Model Specification and Features Associated With HLI

Features selection in TLSA training cohort using both univariate and multivariate Cox hazard regression analyses at the 12-year follow-up are provided in Table S4 in Multimedia Appendix 2. After excluding nonsignificant features from the univariate analysis and applying backward elimination, the multivariate analysis was conducted. The results indicated that older adults (65‐74 years: HR 2.85, 95% CI 2.40‐3.37; older than 75 years: HR 6.32, 95% CI 5.37‐7.42), female (HR 0.74, 95% CI 0.64‐0.85), higher level of education (elementary: HR 0.83, 95% CI 0.71‐0.98; junior or senior high school: HR 0.74, 95% CI 0.60‐0.91; college and above: HR 0.54, 95% CI 0.40‐0.71), current smoker (HR 1.39, 95% CI 1.20‐1.62), current drinker (HR 0.81, 95% CI 0.70‐0.94), having difficulty in climbing stairs (HR 1.24, 95% CI 1.04‐1.47), and IC impairment (locomotion: HR 1.32, 95% CI 1.10‐1.59; visual acuity: HR 1.21, 95% CI 1.03‐1.42; cognition: HR 1.20, 95% CI 1.02‐1.42) were significantly associated with 12-year disability- and dementia-free survival probability for building up HLI. Furthermore, cardiometabolic conditions were also associated with 12-year disability- and dementia-free survival, including hypertension (HR 1.14, 95% CI 1.01‐1.29), diabetes (HR 1.54, 95% CI 1.32‐1.81), and stroke (HR 1.57, 95% CI 1.14‐2.14). Liver disease (HR 1.54, 95% CI 1.24‐1.92) and renal disease (HR 1.46, 95% CI 1.17‐1.82) were also indicative of the outcome. Details of the features selected and their association with 4-year and 8-year disability- and dementia-free survival for building up HLI are also provided in Table S5 and Table S6 in Multimedia Appendix 2.

The goodness of fit was compared between the Cox regression model and 4 types of parametric survival models, including Weibull, exponential, log-logistic, and log-normal. The Weibull model had the lowest AIC across the 4-, 8-, and 12-year observation periods, denoting a better overall fit than the other models (Table S7 in Multimedia Appendix 2; Figures S2, S3, and S4 in Multimedia Appendix 1).
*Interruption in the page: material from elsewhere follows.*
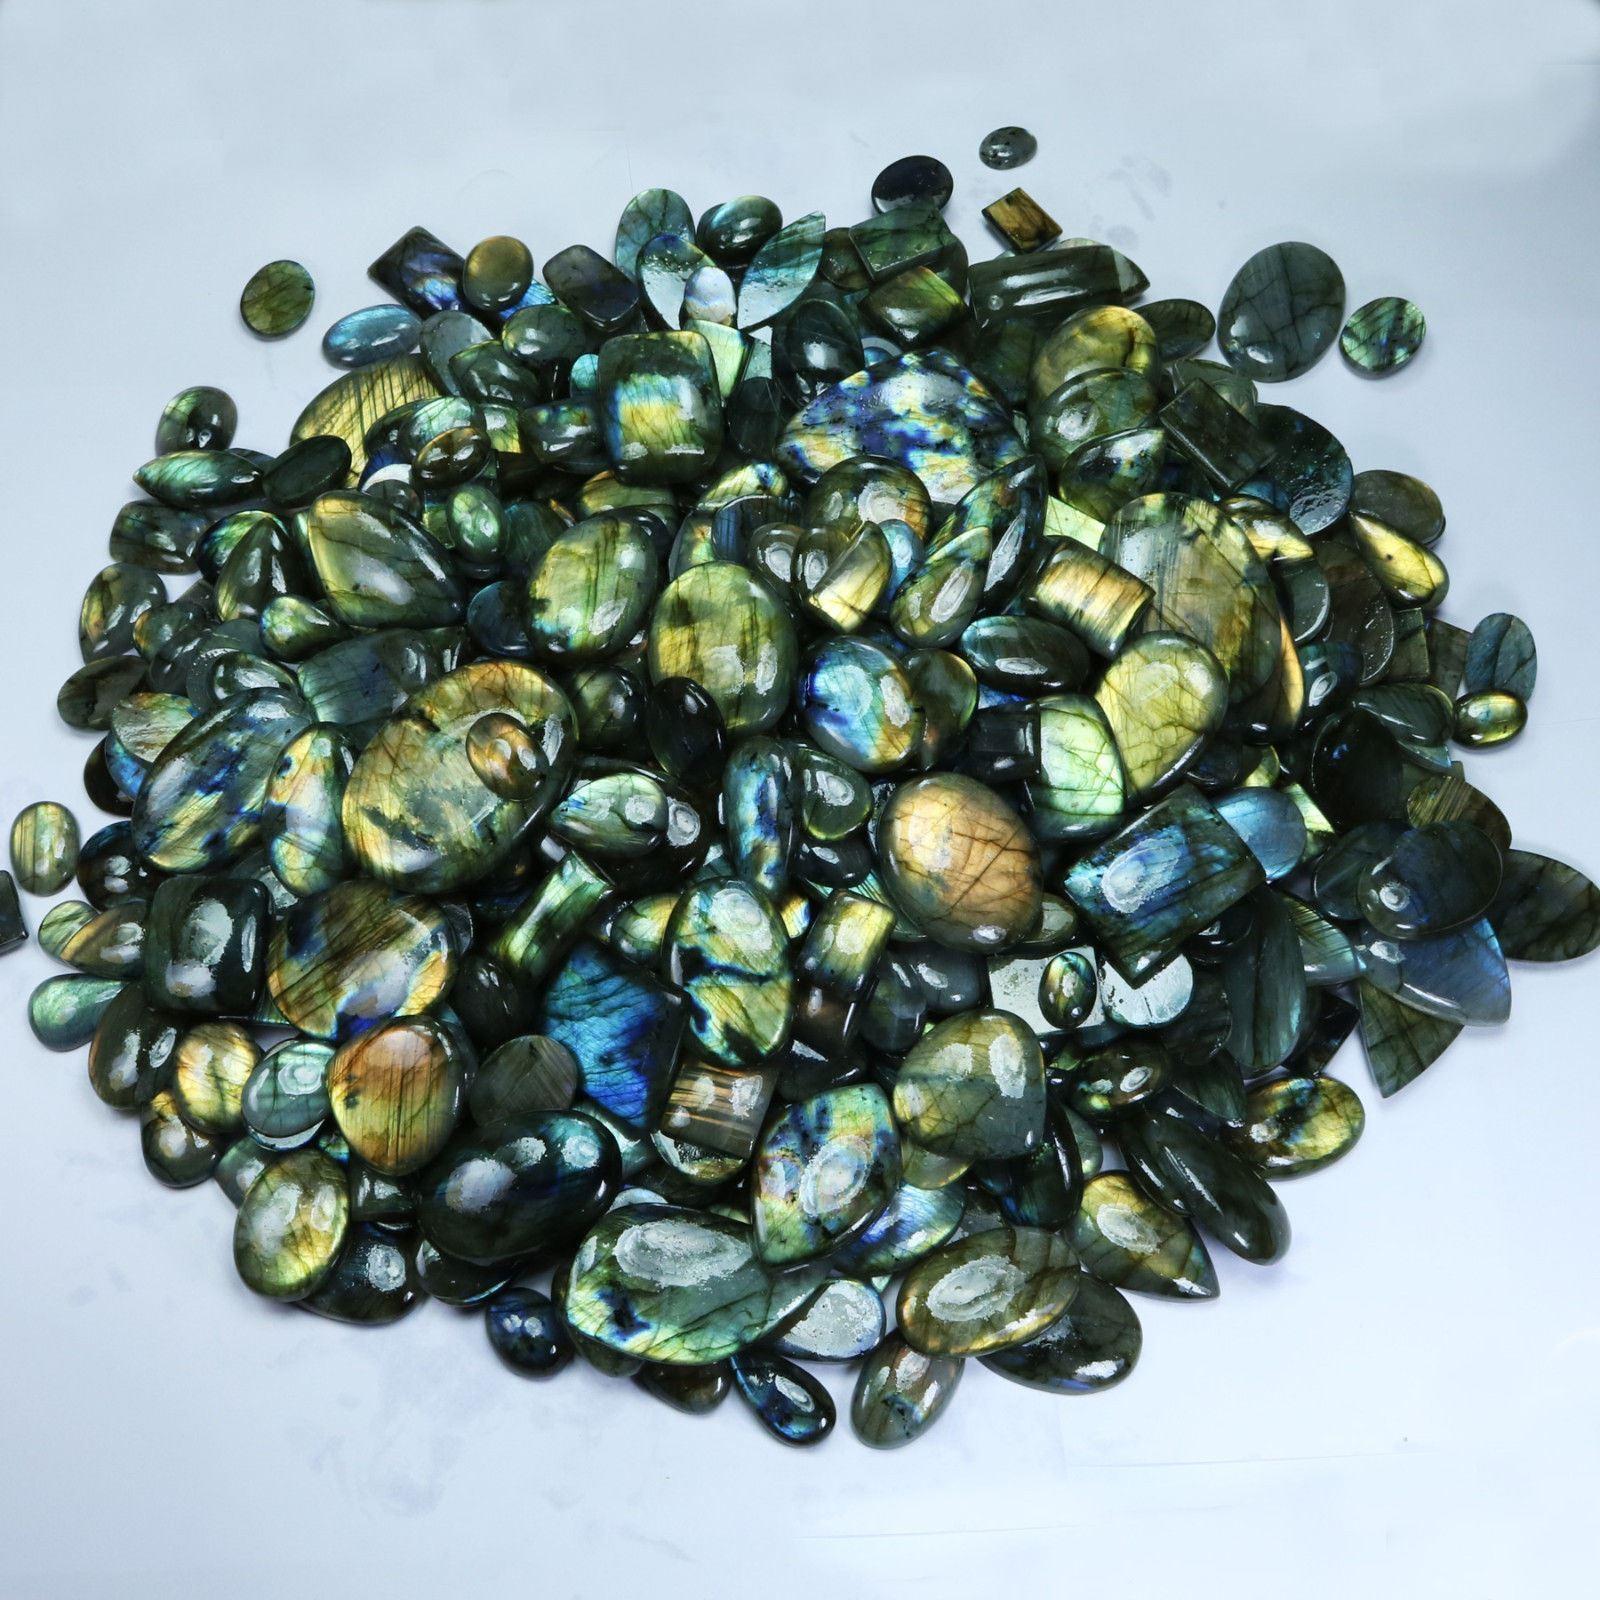 5000Crt. Natural Labradorite Multi Flash Mix Cabochon Loose Gemstone 100Pcs Lot

Nomogram Development and Validation

The features selected to construct the 12-year probability of disability- and dementia-free survival nomogram from the TLSA training cohort using the Weibull model were used to develop a nomogram. These features included demographics (age, sex, level of education, current smoking status, and current drinking status), functional status indicator (difficulty in climbing stairs), and IC (locomotion impairment, visual acuity, and cognition impairment). In addition, self-reported chronic diseases such as hypertension, diabetes mellitus, stroke, liver disease, and renal disease were incorporated (Figure 2). Nomograms for the 4-year and 8-year probabilities of disability- and dementia-free survival are presented in Figures S5 and S6 in Multimedia Appendix 1, respectively.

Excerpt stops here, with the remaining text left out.